▶ Data section:
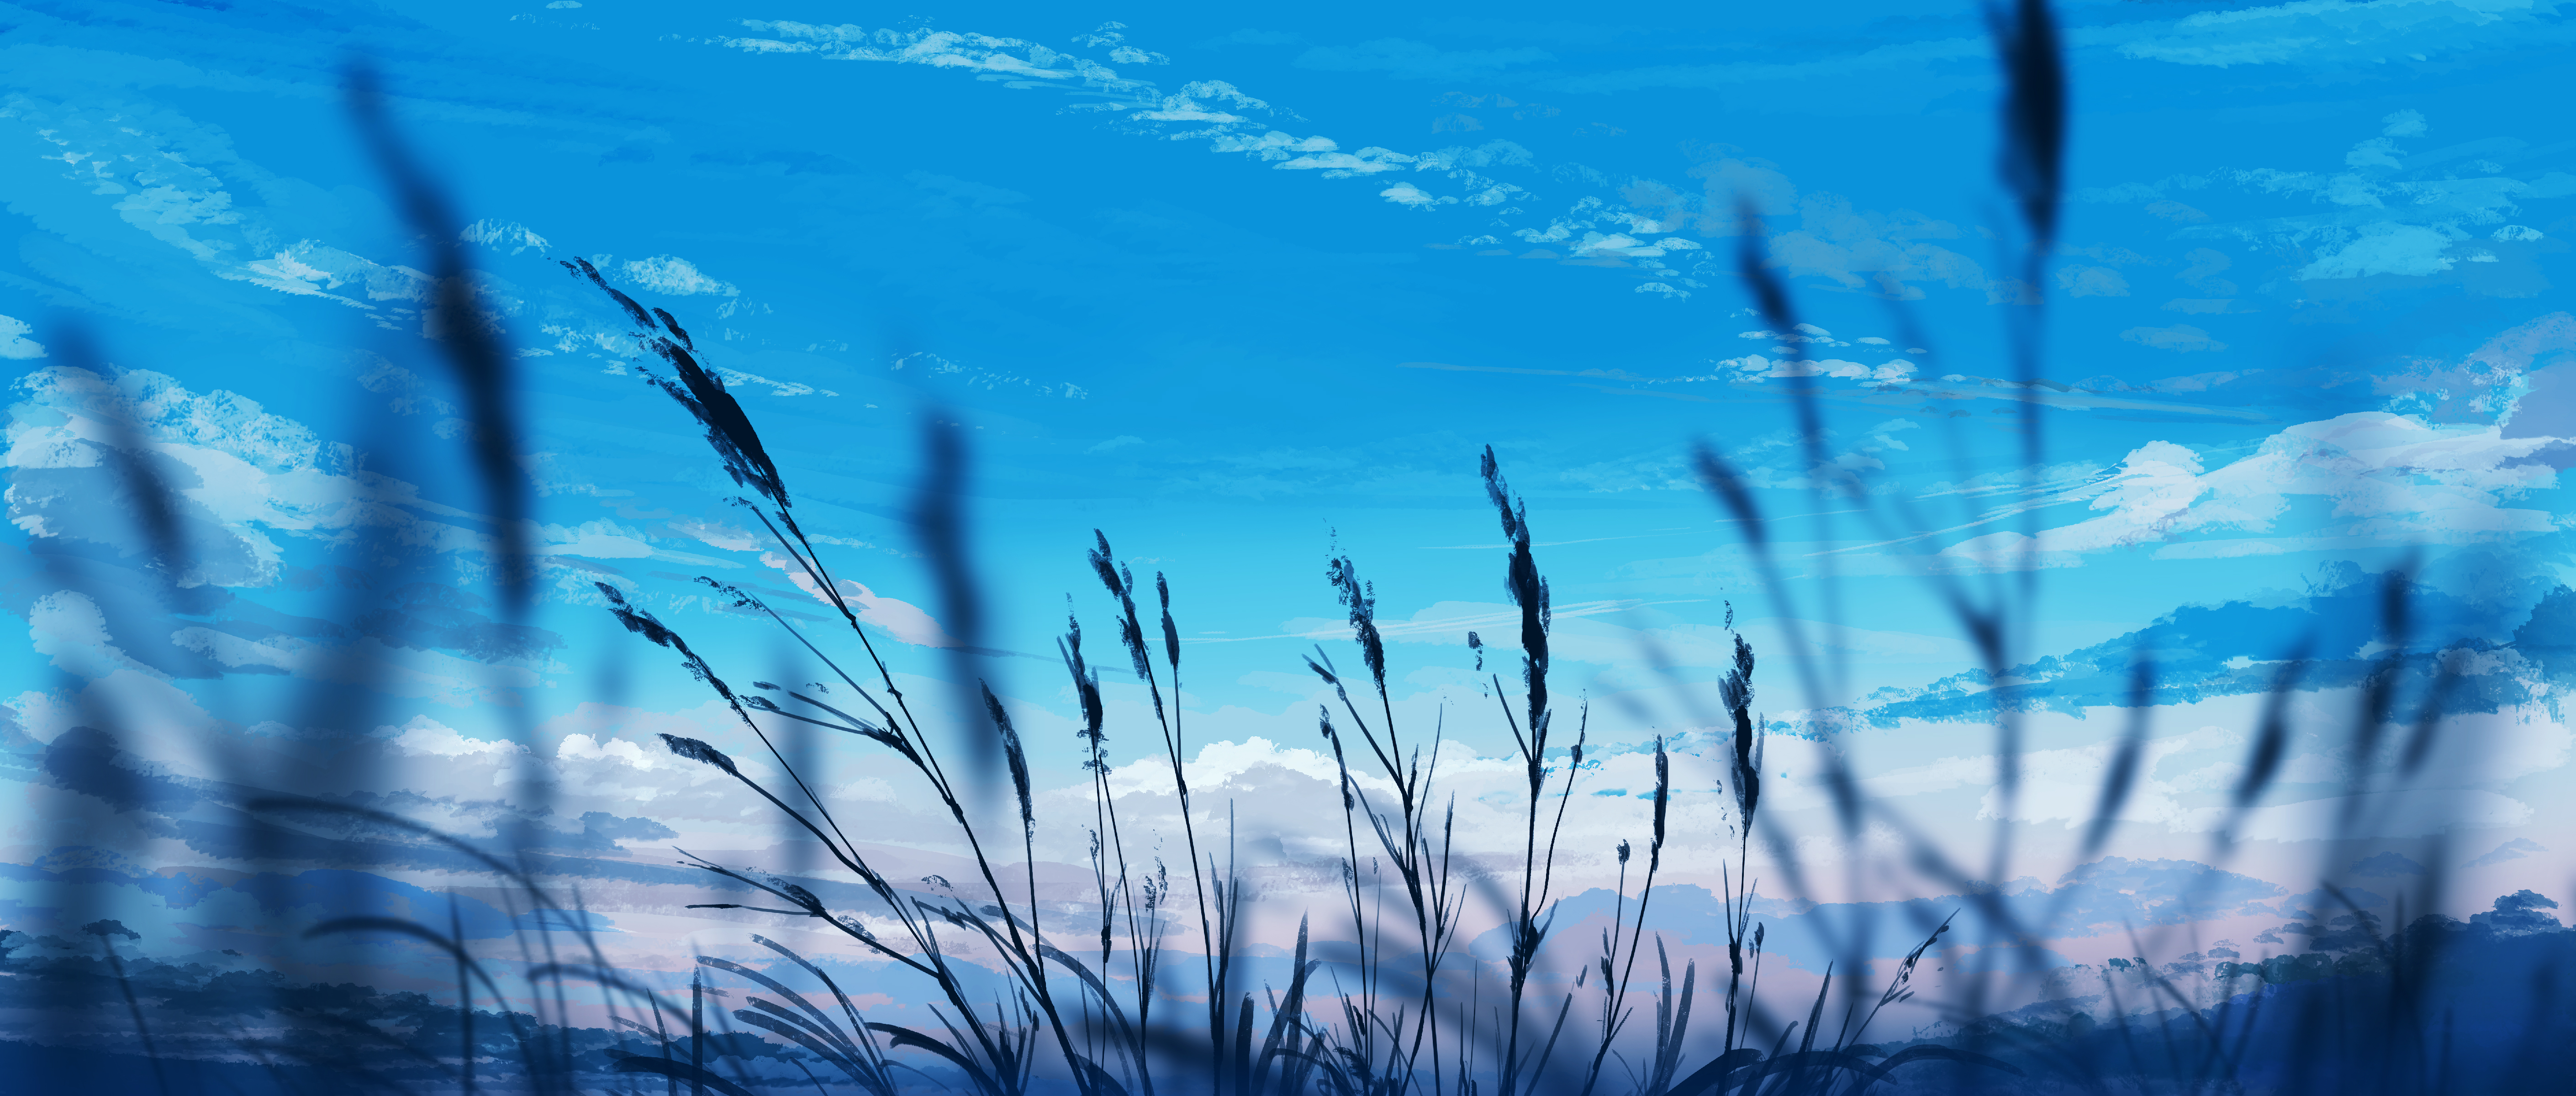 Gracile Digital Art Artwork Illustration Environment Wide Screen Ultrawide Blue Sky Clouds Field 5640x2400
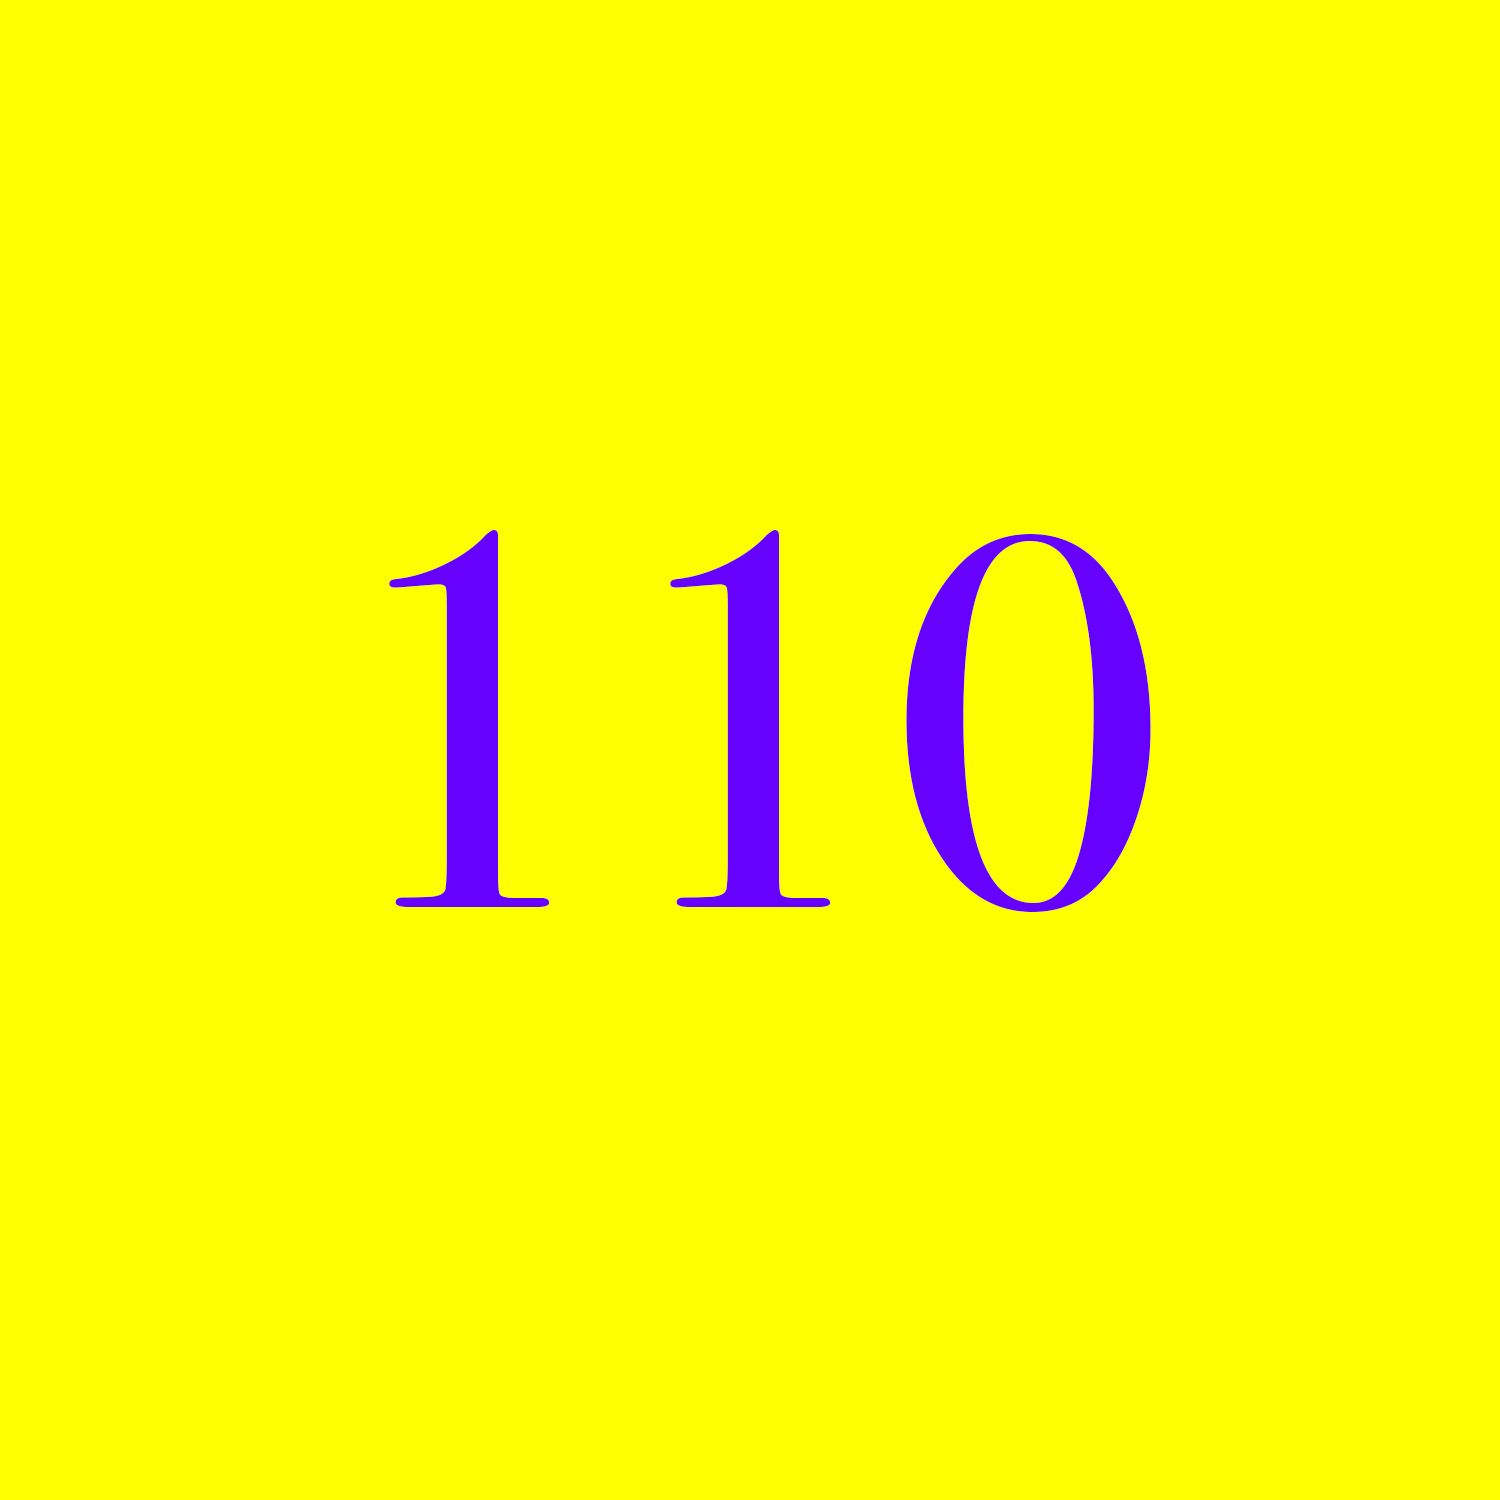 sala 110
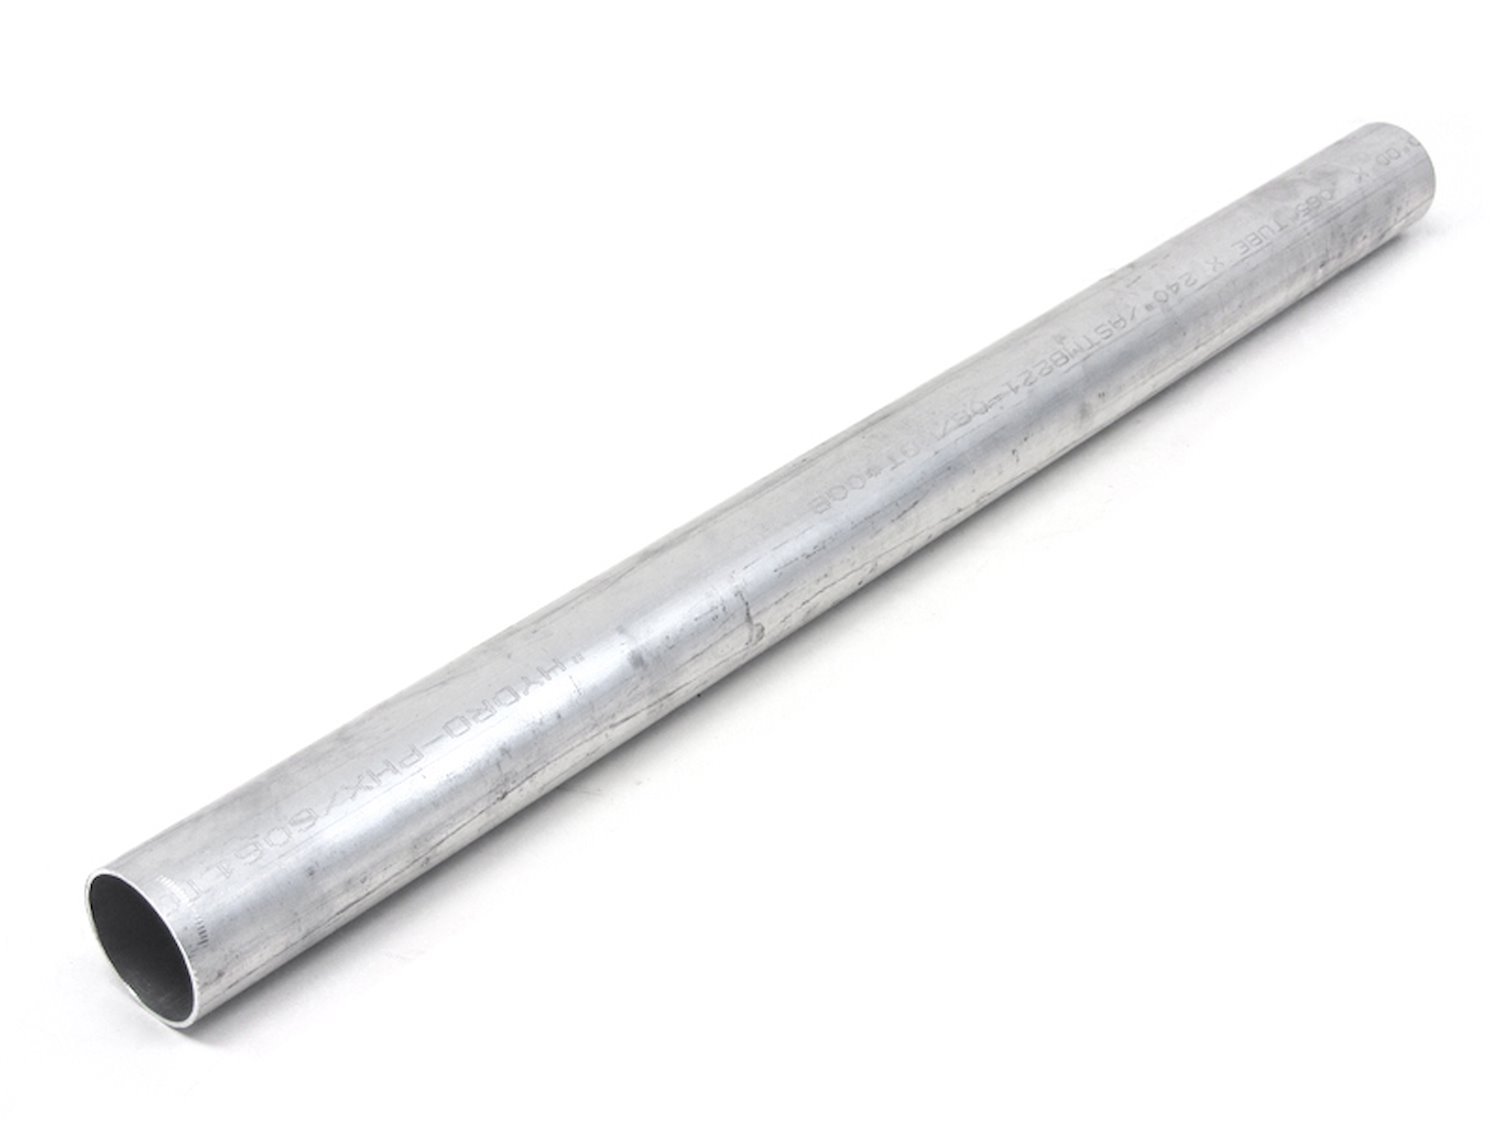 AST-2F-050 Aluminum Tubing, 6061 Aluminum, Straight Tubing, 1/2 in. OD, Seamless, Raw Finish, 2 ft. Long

▶ What is needed: Reproduce the entire listing above precisely, but keep the images out.

▶ Your solution:
 Gracile Digital Art Artwork Illustration Environment Wide Screen Ultrawide Blue Sky Clouds Field 5640x2400
 sala 110
 AST-2F-050 Aluminum Tubing, 6061 Aluminum, Straight Tubing, 1/2 in. OD, Seamless, Raw Finish, 2 ft. Long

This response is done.